Learning Microbial Community Structures with Supervised and Unsupervised Non-negative Matrix Factorization

Examples


##we use the simulated data spdata here
##the spdata is simulated from feature matrix combined by 2
#3types features from one group and 3 types from the other.
##choose number of types using our function
##2-folds cross validation is used here
##the upper bound of number of types for both classes is 2
##remove all zero variables from the data
spdata.rm=spdata[c(1:4,41:44),colSums(spdata)!=0]
y=c(rep(1,4),rep(0,4))
types=chty(spdata.rm,y,2,2)
#number of types for class labeled as 1
nmb1 = types$r1
#number of types for class labeled as 0
nmb2 = types$r2
##we use the simulated data spdata here
##the spdata is simulated from feature matrix combined by 2
#3types features from one group and 3 types from the other.
##choose number of types using our function
##2-folds cross validation is used here
##the upper bound of number of types for both classes is 2
##remove all zero variables from the data
spdata.rm=spdata[c(1:4,41:44),colSums(spdata)!=0]
y=c(rep(1,4),rep(0,4))
types=chty(spdata.rm,y,2,2)
#number of types for class labeled as 1
nmb1 = types$r1
#number of types for class labeled as 0
nmb2 = types$r2

getT

Description

getT is used to calculate the combined feature matrix.

Usage

getT(data,y,Tr1,Tr2)
getT(data,y,Tr1,Tr2)

Arguments

`data`	an optional n by p count data matrix.
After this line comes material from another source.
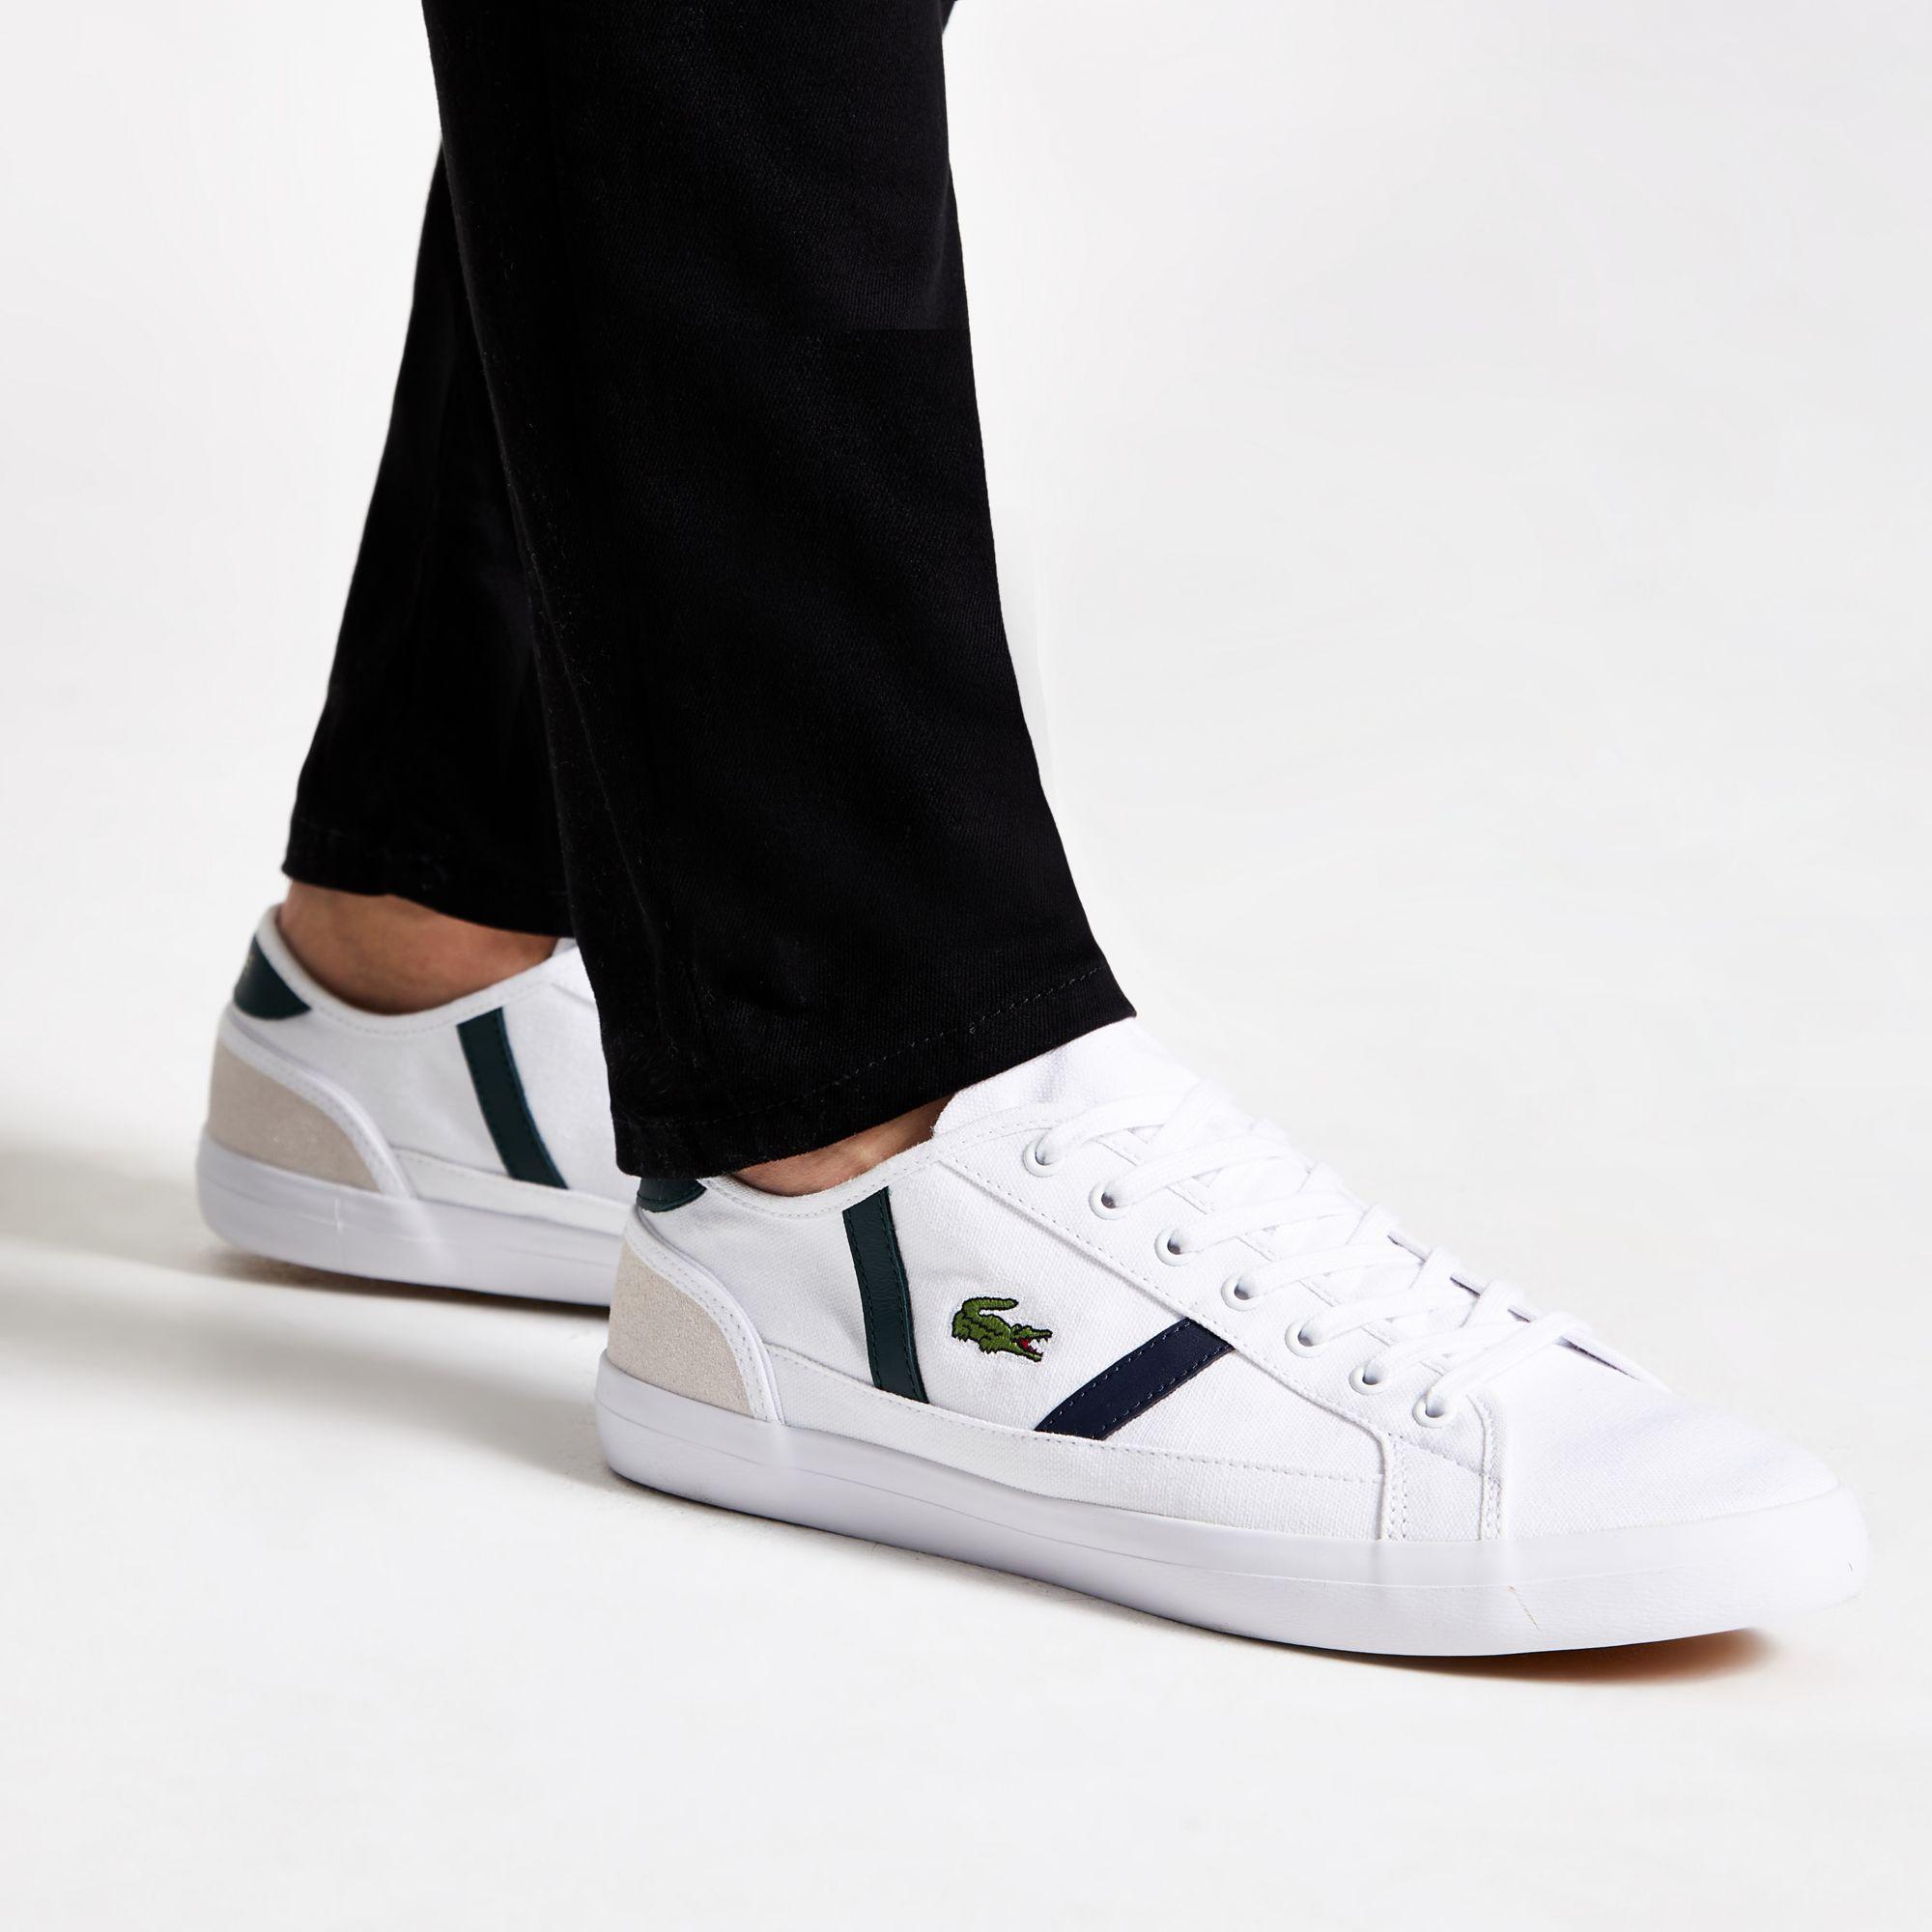 River Island River Island Sideline Canvas Trainers in White for Men - Lyst
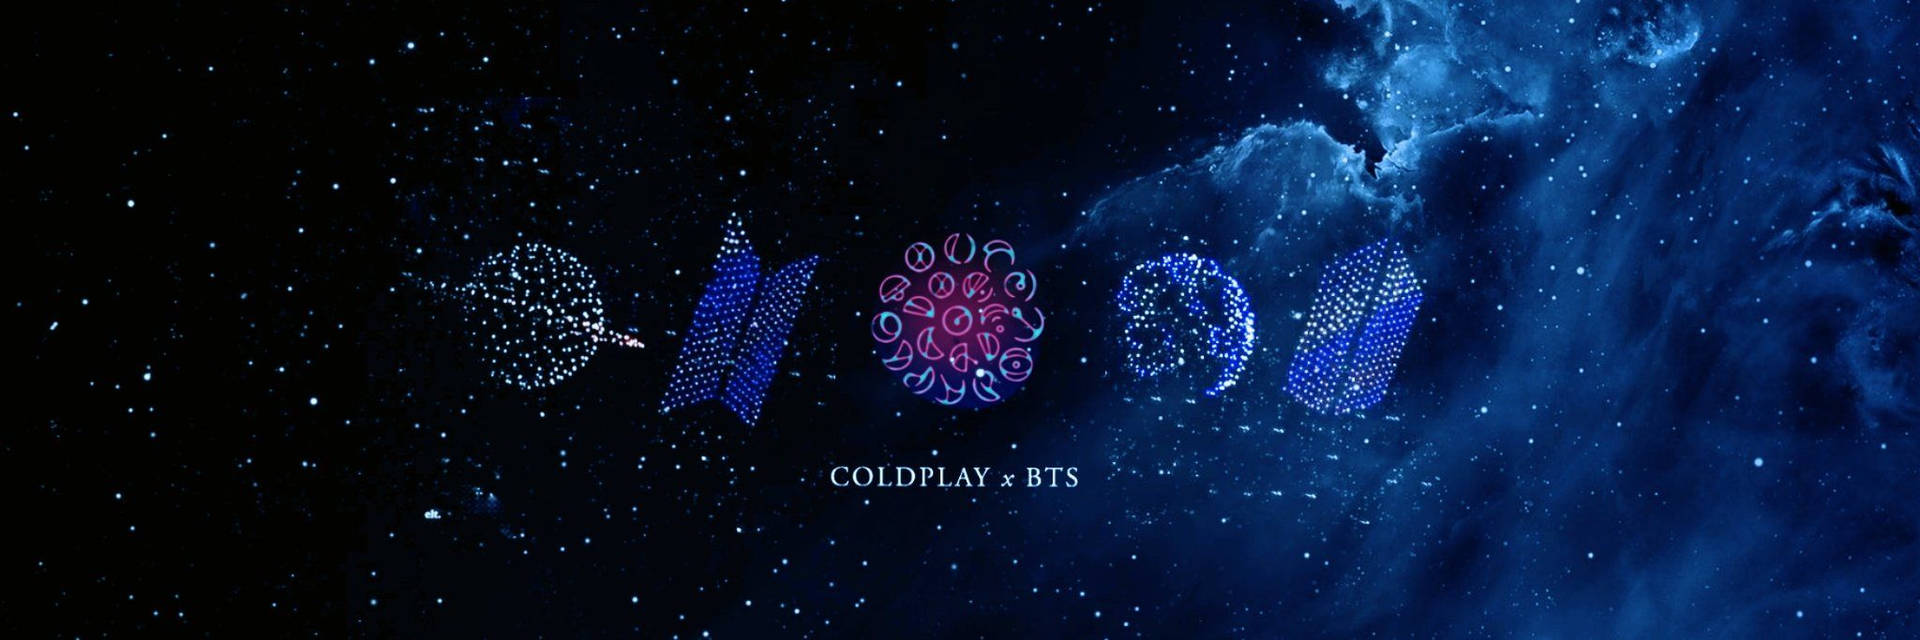 Coldplay And Bts With Stars Twitter Header Wallpaper

The p columns of the matrix are different variables and the n rows are samples. Each column should contain at lest one none zero entry. When n = 1, it is a row vector.
`y`	a binary variable contains classification information of the data. Usually one group is labelled as "0" and the other as "1".
`Tr1`	a value gives the number of types for class labeled as 1. The appropriate Tr1 can also be estimated from function `chty`.
`Tr2`	a value gives the number of types for class labeled as 0. The appropriate Tr2 can also be estimated from function `chty`.

Details

getT is used to calculate the combined feature matrix. The data used in getT should contain samples from both classes. If feature matrix is needed for only one class, basis(NMF(data; Tr; "KL")) can be used.

Value

`T`	a feature matrix in dimension p by r. It is a combined feature matrix contains information from both classes.

Author(s)

Yun Cai, Hong Gu and Tobby Kenney

References

Learning Microbial Community Structures with Supervised and Unsupervised Non-negative Matrix Factorization

Examples

#get feature matrix with rank 2 for one group and rank 3 for the other of the simualted spdata
y=c(rep(1,4),rep(0,4))
T.eg=getT(spdata,y,2,3)
#get feature matrix with rank 2 for one group and rank 3 for the other of the simualted spdata
y=c(rep(1,4),rep(0,4))
T.eg=getT(spdata,y,2,3)

spdata

Description

the spdata is simulated from poisson distribution with mean as the product of feature and weight matrix. The feature matrix has 2804 variables and is combined by 2 types features from one group and 3 types from the other. The weight matrix is generated from uniform distribution on 0,1.

Format

The format is: int [1:80, 1:2804] 5 12 7 10 14 1 12 18 4 26 ... - attr(*, "dimnames")=List of 2 ..$ : chr [1:80] "ibd.old0" "ibd.old0" "ibd.old0" "ibd.old0" ... ..$ : NULL

Details

The spdata has a dimention of 80 by 2804, 40 labeled as class one and the left labeled as class two.

Examples

data(spdata)
data(spdata)

spnmf

Description

The spnmf is used to fit supervised Non-negative Matrix Factorization model on data when the combined feature matrix is known.

Usage

spnmf(data,Tp)
spnmf(data,Tp)

Arguments

`data`	an optional n by p count data matrix. The p columns of the matrix are different variables and the n rows are samples. Each column should contain at lest one none zero entry. When n = 1, it is a row vector.
`Tp`	a combined feature matrix in dimension p by r. p is the number of variables and r is the number of types. Tp can also be calculated from function `getT`.

Details

The function is based on R package NMF.

Value

`W`	the supervised weight matrix in dimension n by r. n is the number of observations. r is the number of type for the data. It is the coefficients of the feature matrix.
`loglh`	the log-likelihood of the supervised NMF model.

Author(s)

Yun Cai, Hong Gu and Toby Kenney

References

Learning Microbial Community Structures with Supervised and Unsupervised Non-negative Matrix Factorization

Examples

##an example of classification based on supervised nmf results
#spdata consists of two classes, the first 40 samples are from class 1 and the left from class 2
##label each observation's class as 1 or 0
y=c(rep(1,4),rep(0,4))
##split the data half as training data the other half as test data
y.train=y.test=c(rep(1 ,2),rep(0,2))
spdata.train=spdata[c(1:2,41:42),]
spdata.test=spdata[c(21:22,61:62),]
#remove all zero columns
spdata.train.rm=spdata.train[,colSums(spdata.train)!=0]
#remove the same variables from test data
spdata.test.rm=spdata.test[,colSums(spdata.train)!=0]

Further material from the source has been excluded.